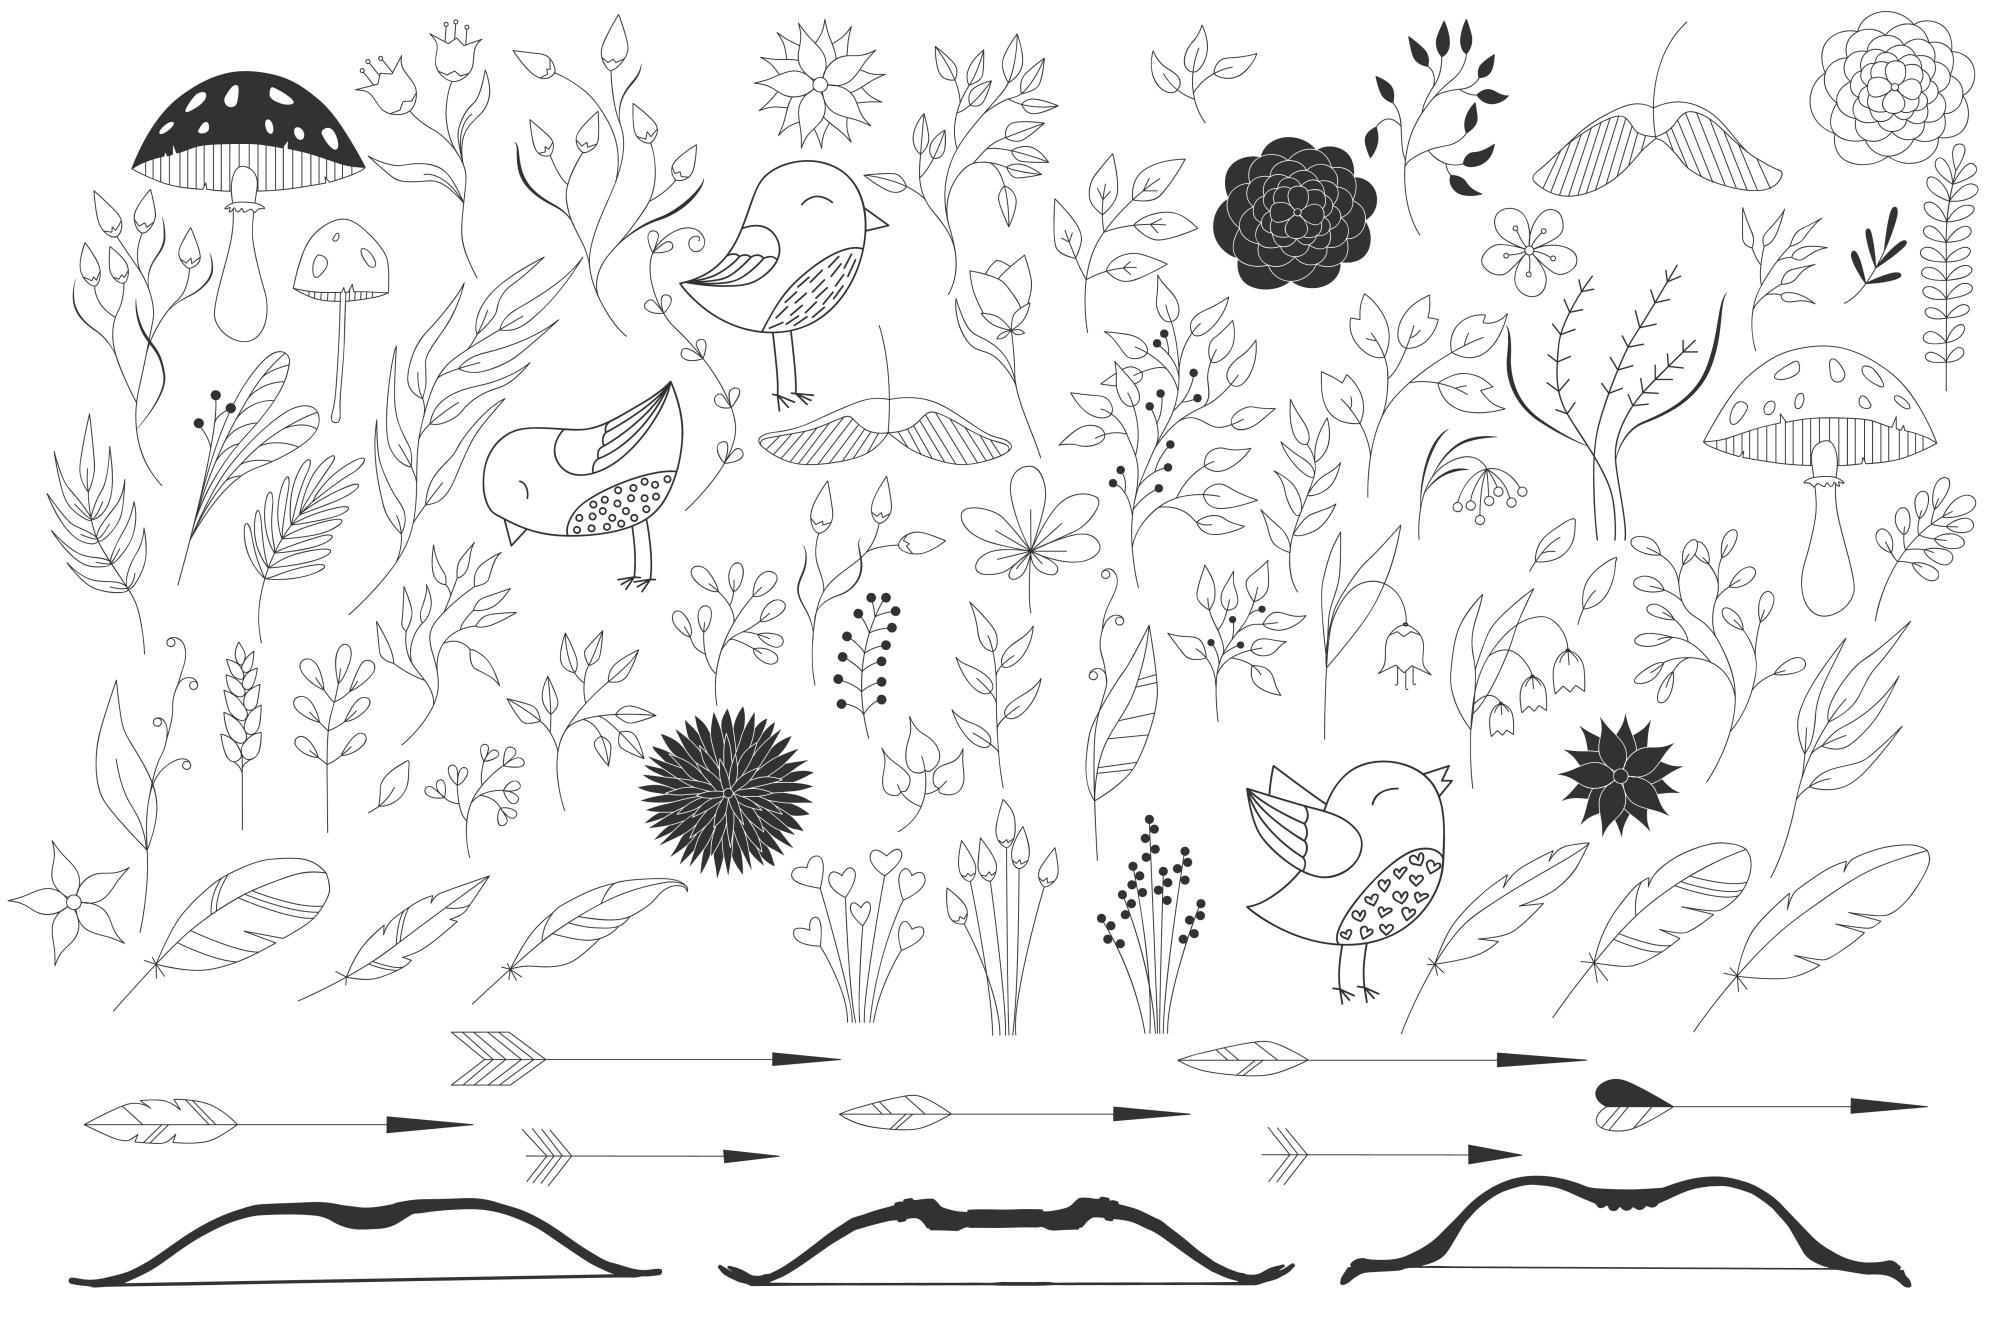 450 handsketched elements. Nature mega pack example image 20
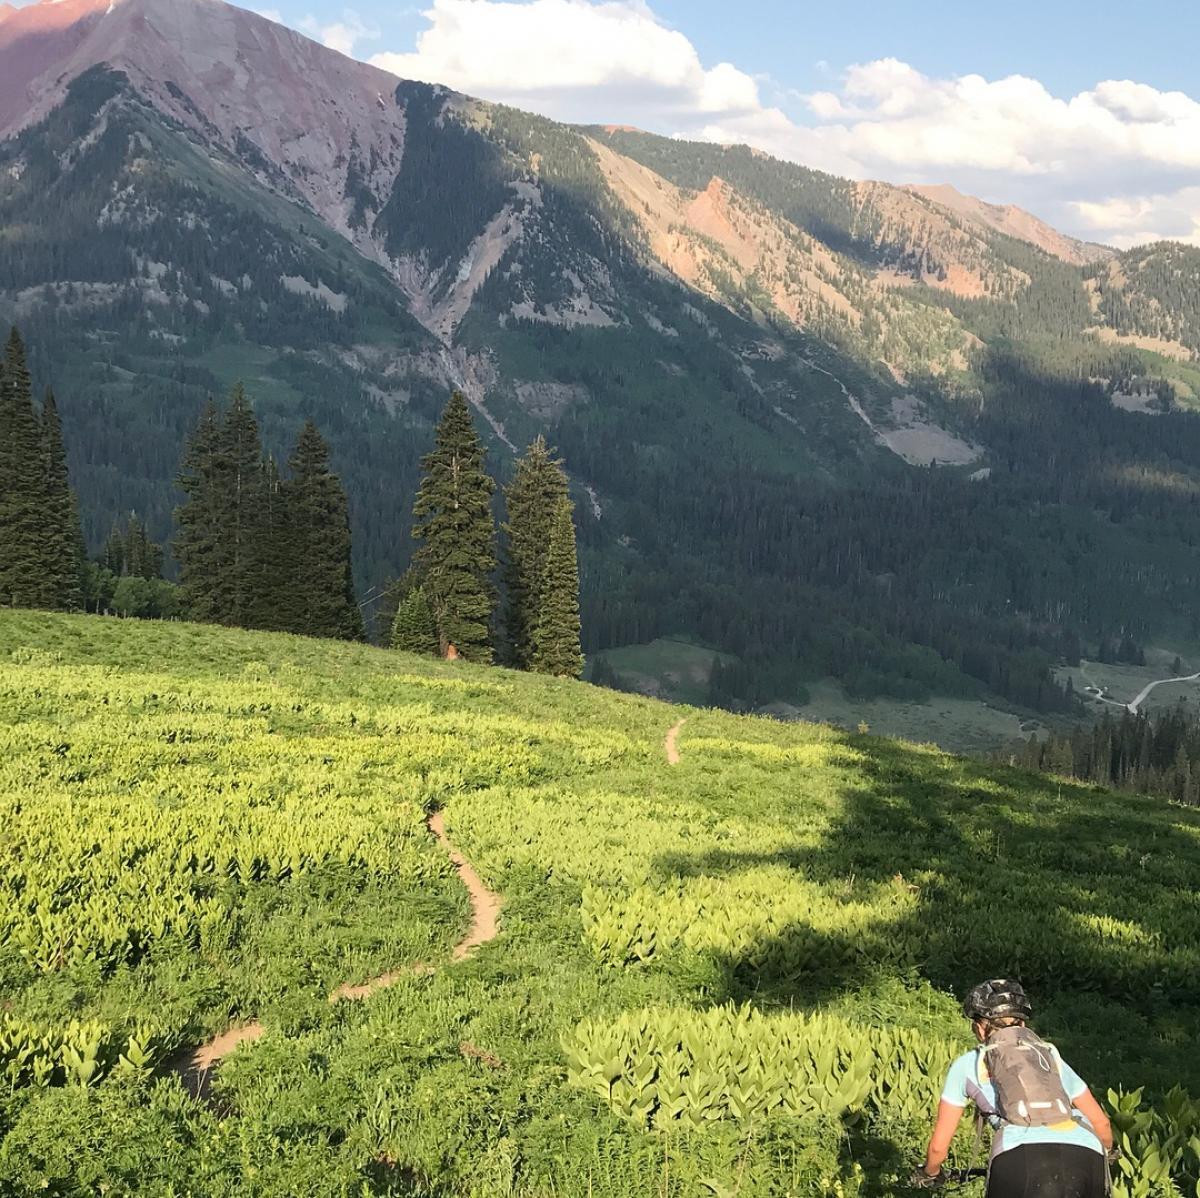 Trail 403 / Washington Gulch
...
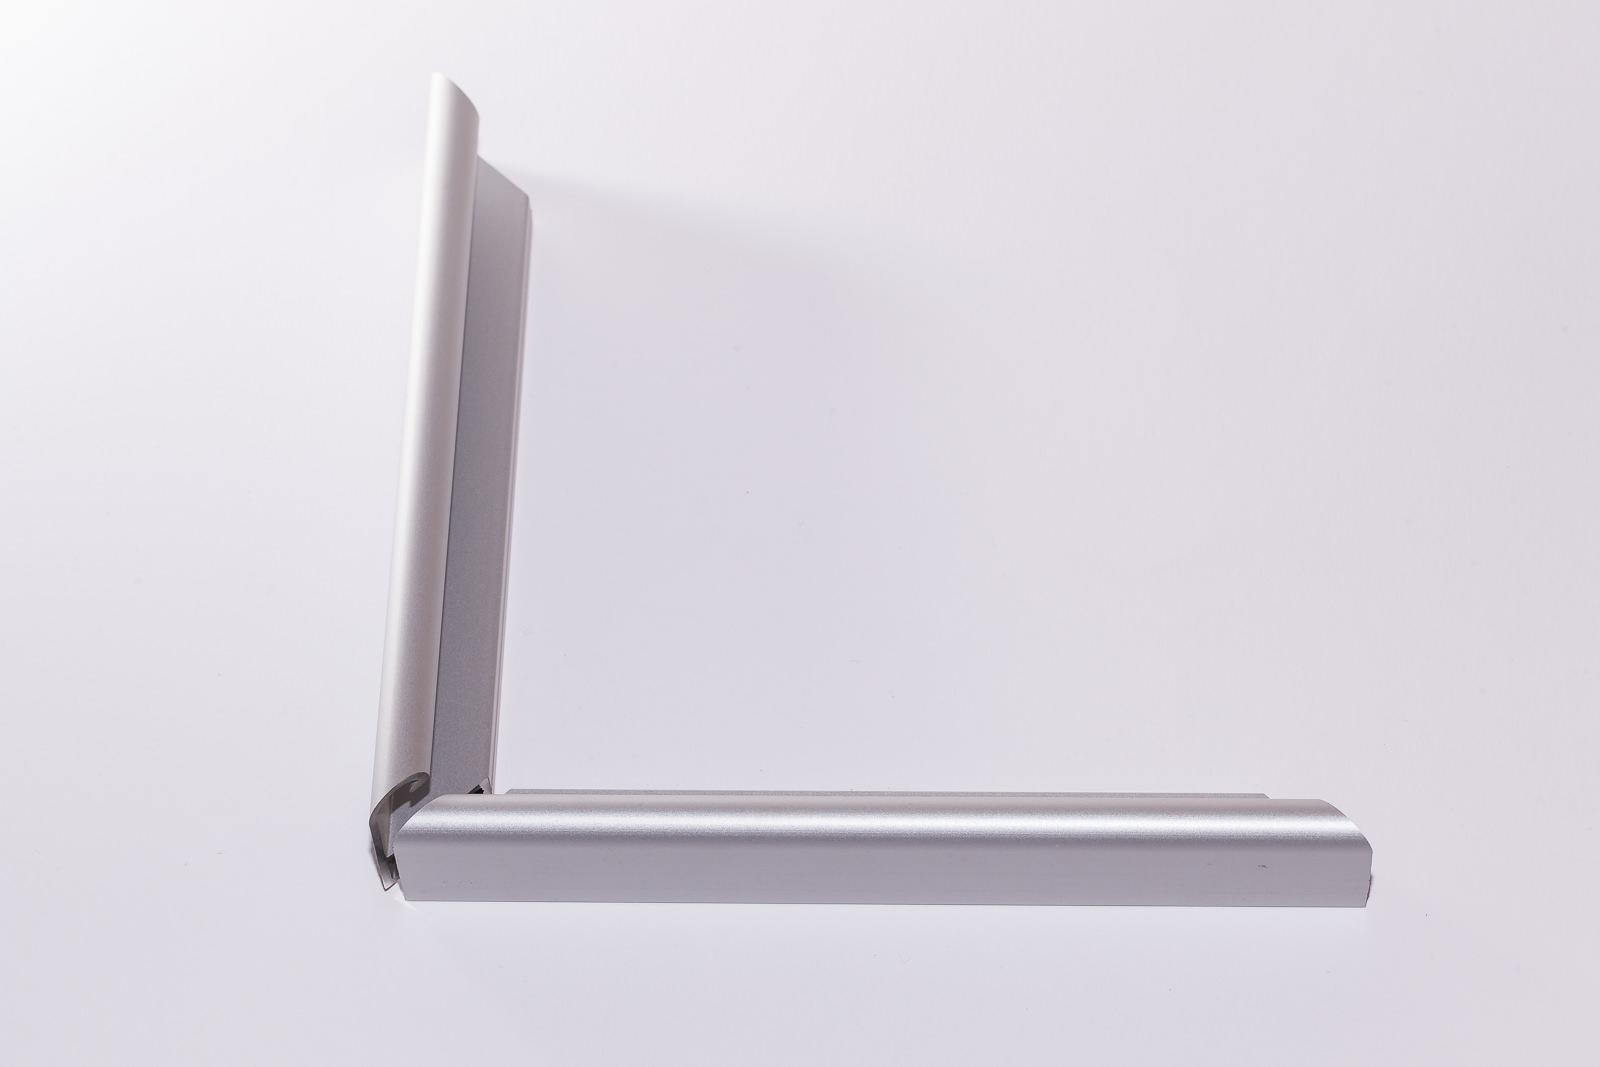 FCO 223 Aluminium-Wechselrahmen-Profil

- WORK TO BE COMPLETED
Word for word, repeat the lines above from the one with "450 handsketched elements." through the one with "Trail 403 / Washington Gulch", and nothing beyond them. Omit the pictures.

- SOLUTION FOR THIS TASK
 450 handsketched elements. Nature mega pack example image 20
 Trail 403 / Washington Gulch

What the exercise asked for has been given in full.